___ Material provided

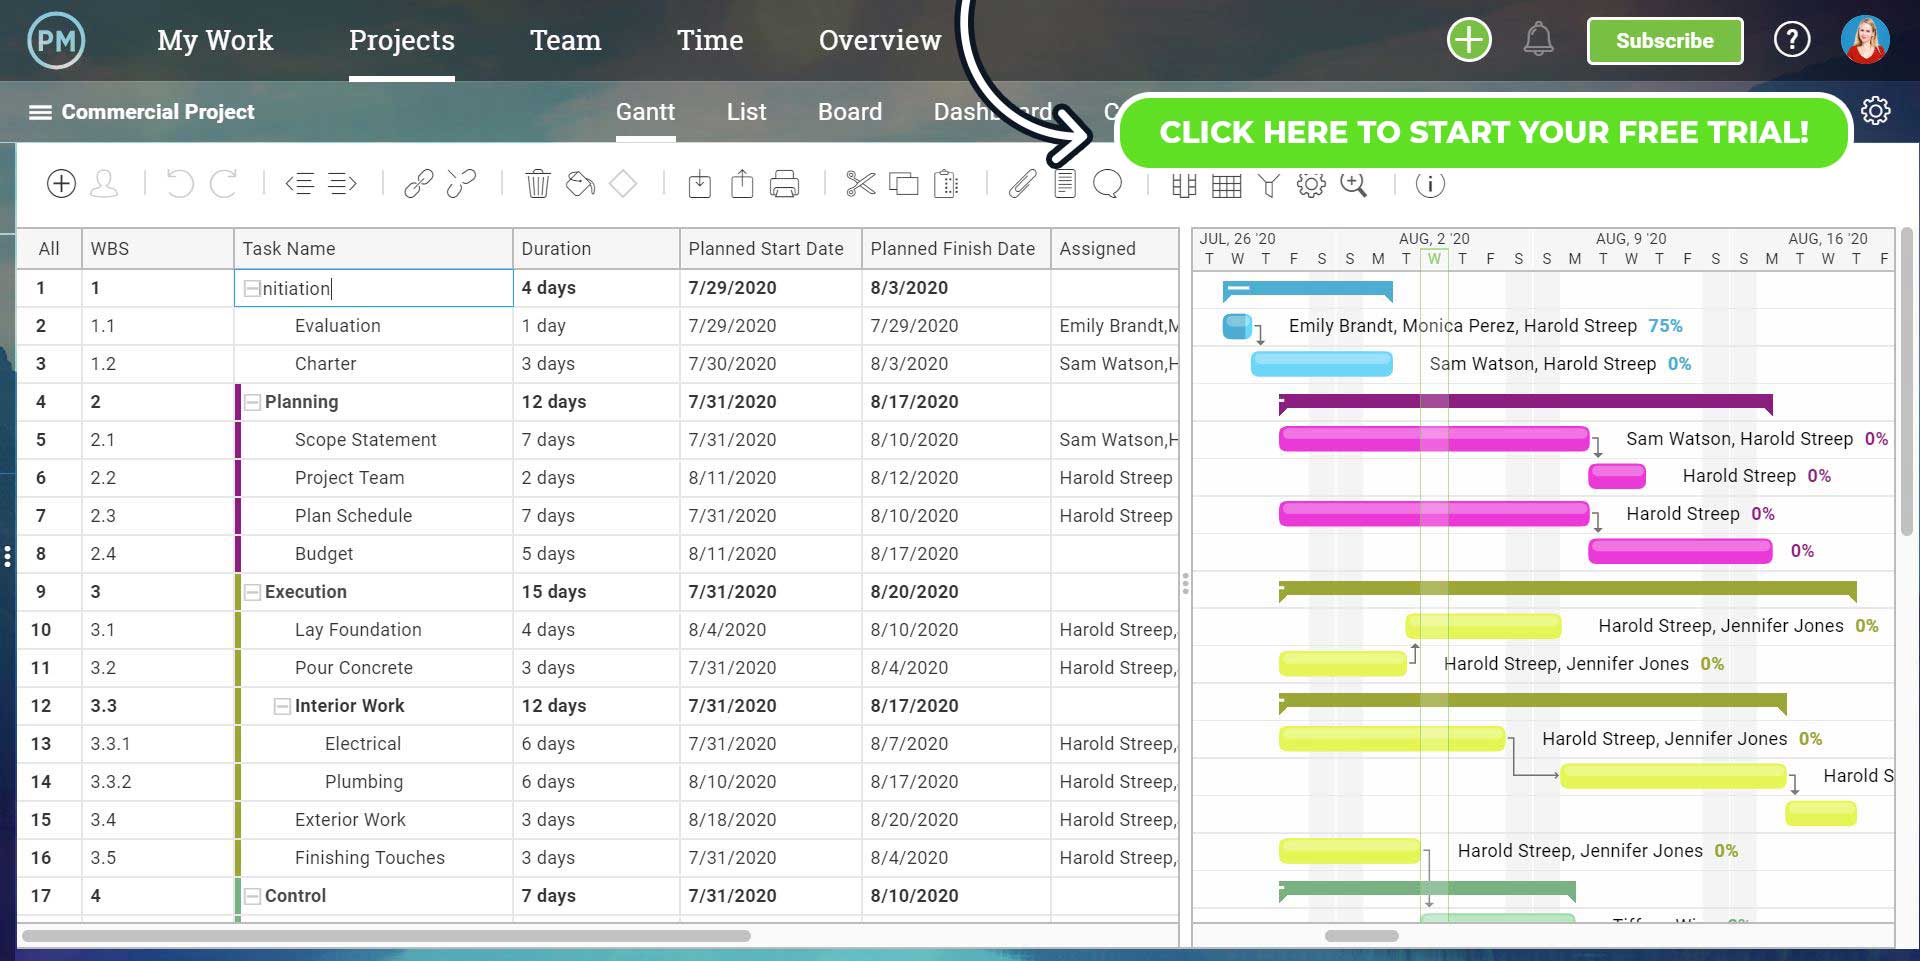 A screenshot of a work breakdown structure WBS created using Project Manager.com’s Gantt chart interface, with a WBS column on the left side displaying tasks.
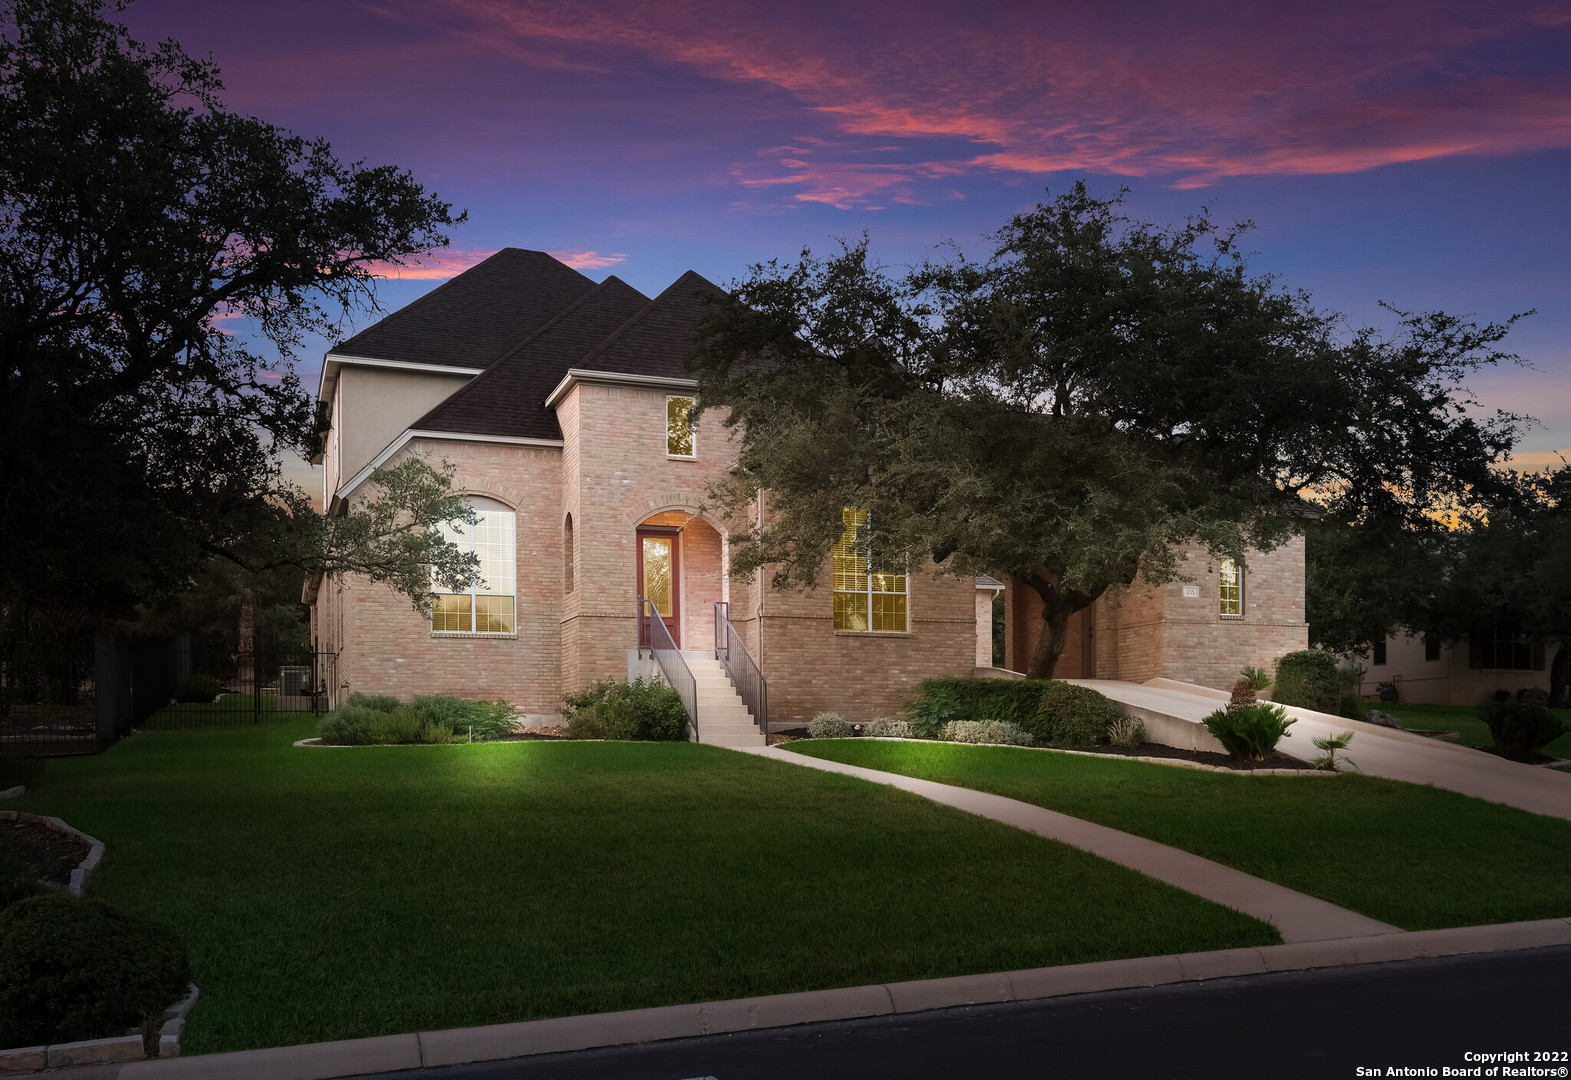 BRIGHT & BEAUTIFUL family home located in the prestigious 24/7 gated/guarded Summerglen community! 4/4.5 with 3,897 sf of spacious living nestled on a private, interior 1/2 acre lot. Stunning curb appeal with porte-cochere design - 3 car garage. Top Rated NEISD Schools. Relax & enjoy an entertainer's backyard dream, stunning Keith Zars Ozone pool, wrought iron fence, expansive covered patio & outdoor kitchen! A chef's kitchen with a large island, granite counters and stainless steel appliances is the heart of this home. The kitchen opens to a spacious family room w/gas fireplace. A separate dining room, living room, breakfast area, private office (potential 5th bedroom) with full en-suite bath, master bedroom/bathroom, SOARING ceilings, an abundance of natural light, gorgeous window views, architectural details, hardwood and tile floors as well as newly installed carpet are all on the first floor. Upstairs find newly installed Pella windows and carpet throughout, a game room, and three large secondary bedrooms.  This is a wonderful home in a great location with easy access in and out of the neighborhood. Pride of ownership can be felt and seen!
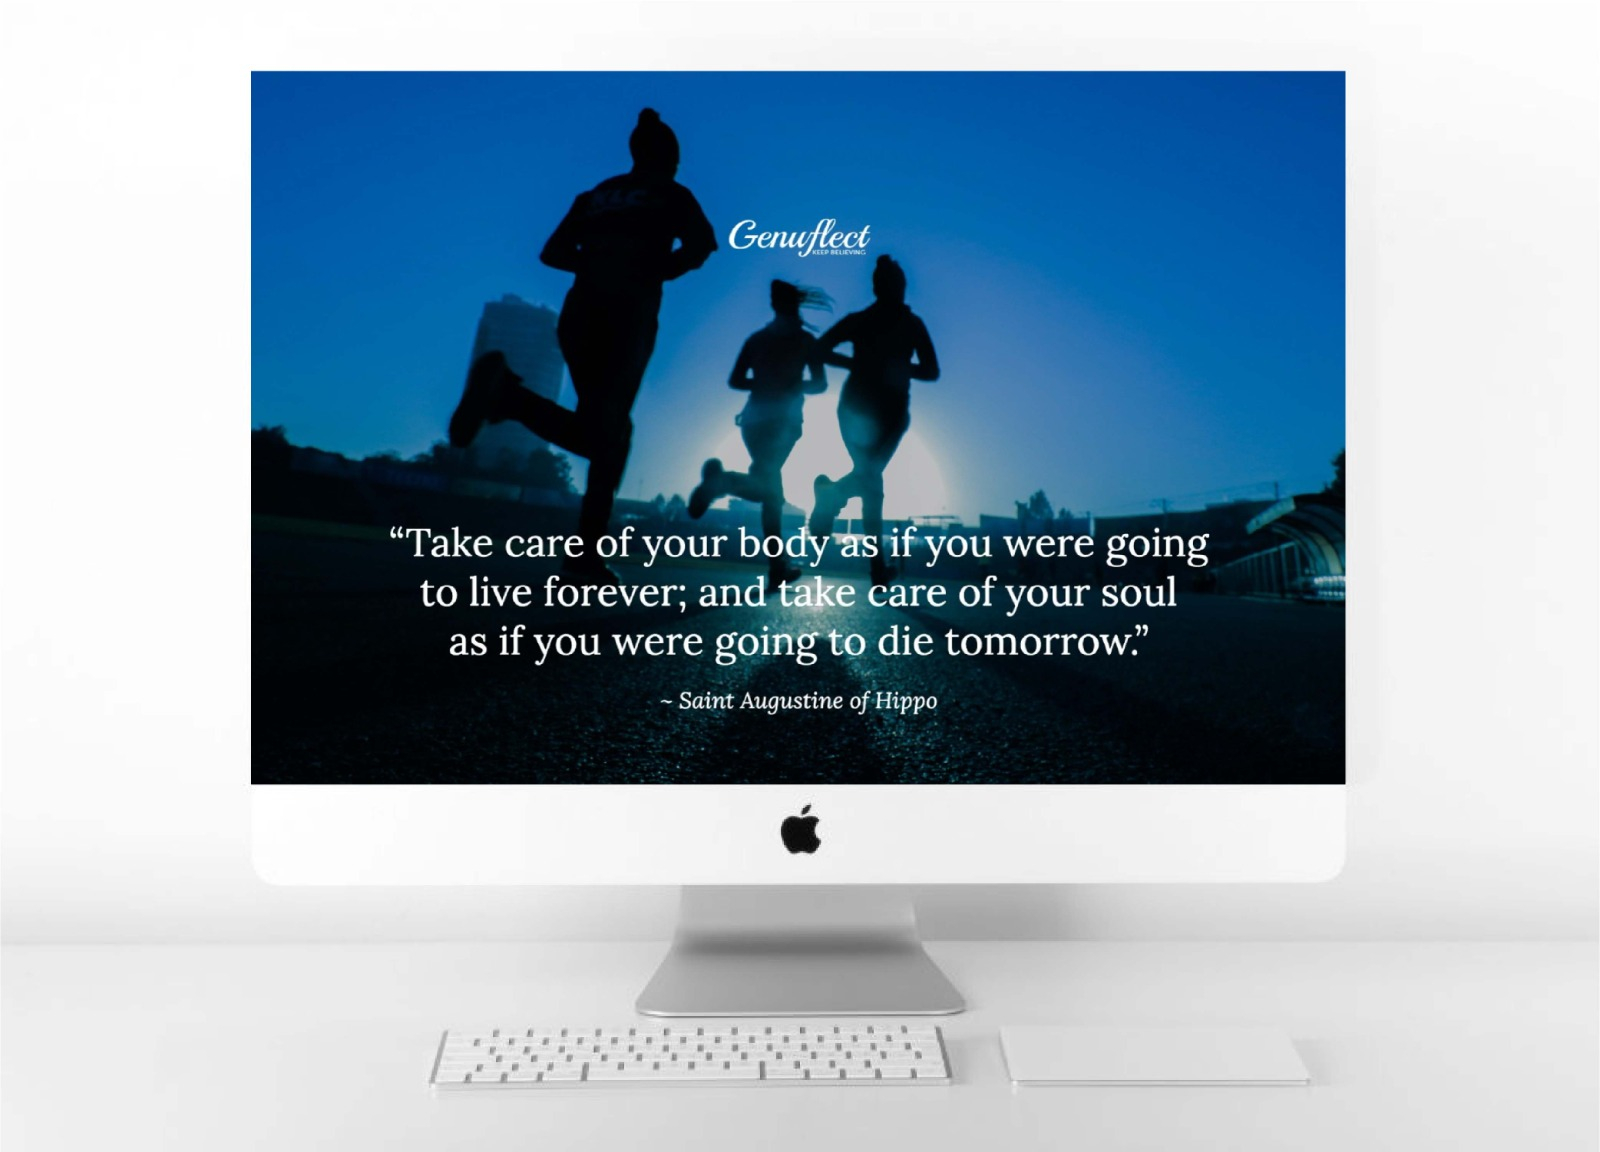 Genuflect computer image of a Silhouette of three people jogging
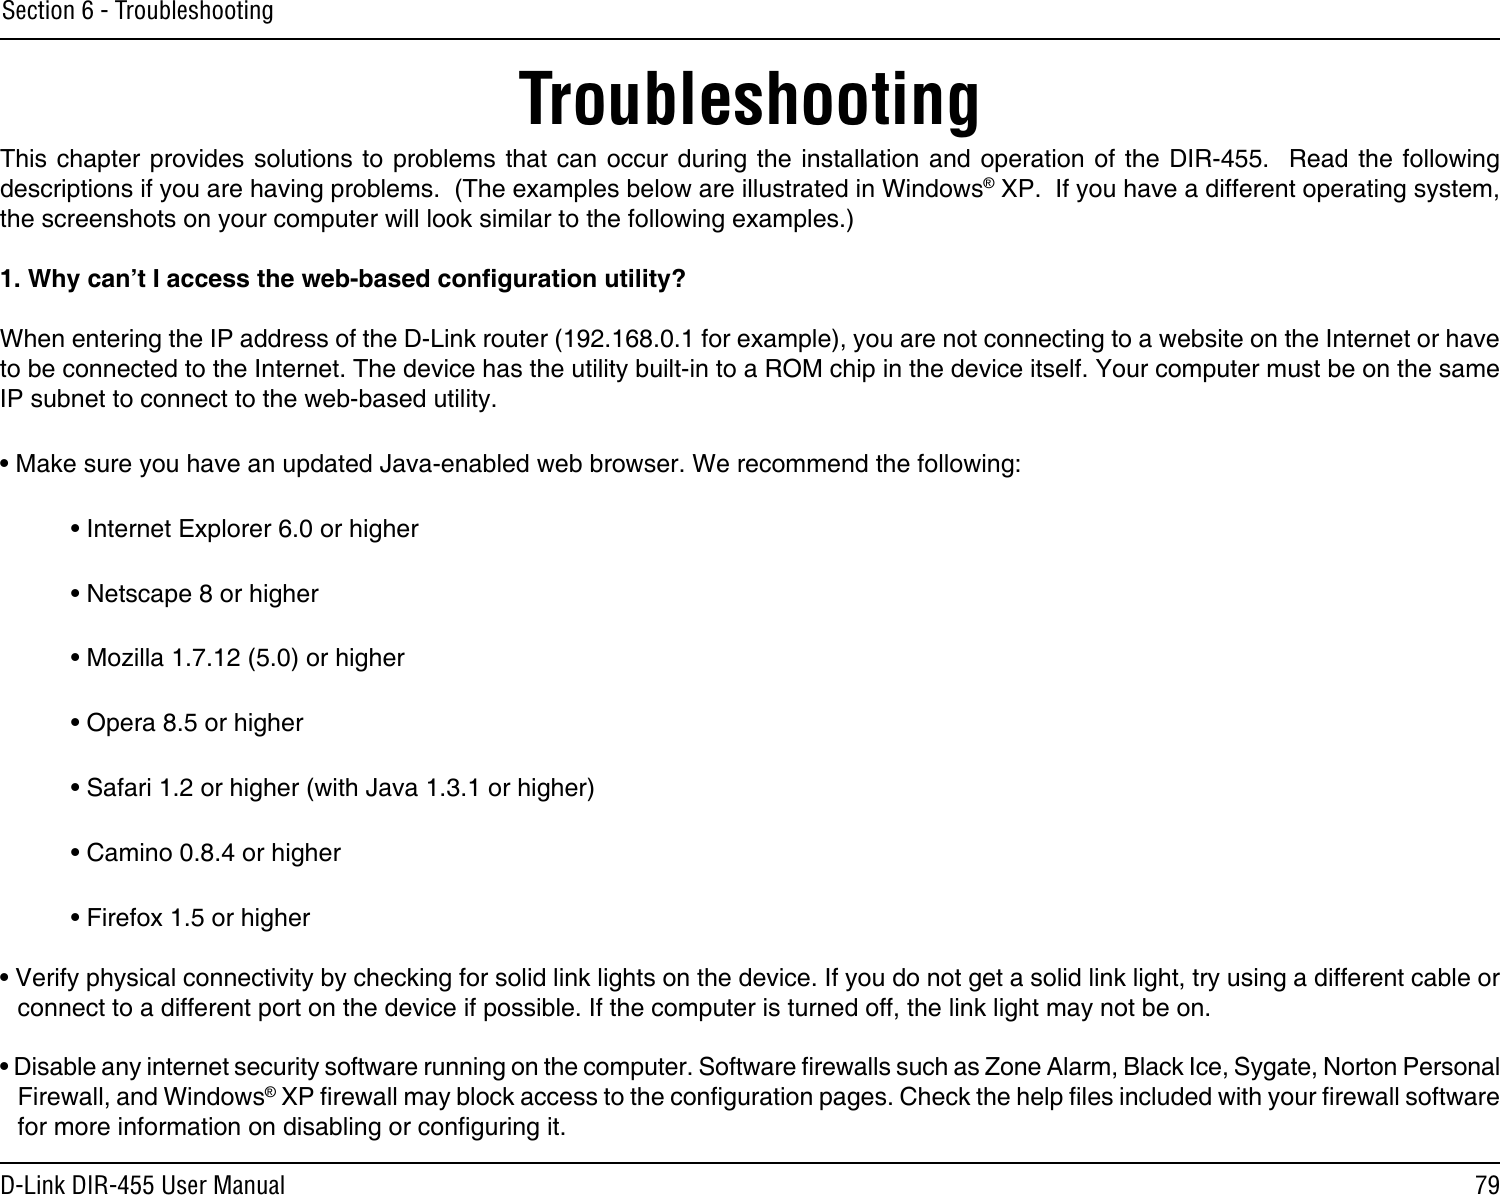 79D-Link DIR-455 User ManualSection 6 - TroubleshootingTroubleshootingThis chapter provides  solutions  to problems that can occur  during the installation and operation  of the DIR-455.  Read  the  following descriptions if you are having problems.  (The examples below are illustrated in Windows® XP.  If you have a different operating system, the screenshots on your computer will look similar to the following examples.)1. Why can’t I access the web-based conguration utility?When entering the IP address of the D-Link router (192.168.0.1 for example), you are not connecting to a website on the Internet or have to be connected to the Internet. The device has the utility built-in to a ROM chip in the device itself. Your computer must be on the same IP subnet to connect to the web-based utility. • Make sure you have an updated Java-enabled web browser. We recommend the following: • Internet Explorer 6.0 or higher • Netscape 8 or higher • Mozilla 1.7.12 (5.0) or higher • Opera 8.5 or higher • Safari 1.2 or higher (with Java 1.3.1 or higher) • Camino 0.8.4 or higher • Firefox 1.5 or higher • Verify physical connectivity by checking for solid link lights on the device. If you do not get a solid link light, try using a different cable or connect to a different port on the device if possible. If the computer is turned off, the link light may not be on.• Disable any internet security software running on the computer. Software rewalls such as Zone Alarm, Black Ice, Sygate, Norton Personal Firewall, and Windows® XP rewall may block access to the conguration pages. Check the help les included with your rewall software for more information on disabling or conguring it.

______

*Exercise aim*:
Could the data above be reproduced exactly, with the pictures left out?

*Result for this exercise*:
 A screenshot of a work breakdown structure WBS created using Project Manager.com’s Gantt chart interface, with a WBS column on the left side displaying tasks.
 BRIGHT & BEAUTIFUL family home located in the prestigious 24/7 gated/guarded Summerglen community! 4/4.5 with 3,897 sf of spacious living nestled on a private, interior 1/2 acre lot. Stunning curb appeal with porte-cochere design - 3 car garage. Top Rated NEISD Schools. Relax & enjoy an entertainer's backyard dream, stunning Keith Zars Ozone pool, wrought iron fence, expansive covered patio & outdoor kitchen! A chef's kitchen with a large island, granite counters and stainless steel appliances is the heart of this home. The kitchen opens to a spacious family room w/gas fireplace. A separate dining room, living room, breakfast area, private office (potential 5th bedroom) with full en-suite bath, master bedroom/bathroom, SOARING ceilings, an abundance of natural light, gorgeous window views, architectural details, hardwood and tile floors as well as newly installed carpet are all on the first floor. Upstairs find newly installed Pella windows and carpet throughout, a game room, and three large secondary bedrooms.  This is a wonderful home in a great location with easy access in and out of the neighborhood. Pride of ownership can be felt and seen!
 Genuflect computer image of a Silhouette of three people jogging
 79D-Link DIR-455 User ManualSection 6 - TroubleshootingTroubleshootingThis chapter provides  solutions  to problems that can occur  during the installation and operation  of the DIR-455.  Read  the  following descriptions if you are having problems.  (The examples below are illustrated in Windows® XP.  If you have a different operating system, the screenshots on your computer will look similar to the following examples.)1. Why can’t I access the web-based conguration utility?When entering the IP address of the D-Link router (192.168.0.1 for example), you are not connecting to a website on the Internet or have to be connected to the Internet. The device has the utility built-in to a ROM chip in the device itself. Your computer must be on the same IP subnet to connect to the web-based utility. • Make sure you have an updated Java-enabled web browser. We recommend the following: • Internet Explorer 6.0 or higher • Netscape 8 or higher • Mozilla 1.7.12 (5.0) or higher • Opera 8.5 or higher • Safari 1.2 or higher (with Java 1.3.1 or higher) • Camino 0.8.4 or higher • Firefox 1.5 or higher • Verify physical connectivity by checking for solid link lights on the device. If you do not get a solid link light, try using a different cable or connect to a different port on the device if possible. If the computer is turned off, the link light may not be on.• Disable any internet security software running on the computer. Software rewalls such as Zone Alarm, Black Ice, Sygate, Norton Personal Firewall, and Windows® XP rewall may block access to the conguration pages. Check the help les included with your rewall software for more information on disabling or conguring it.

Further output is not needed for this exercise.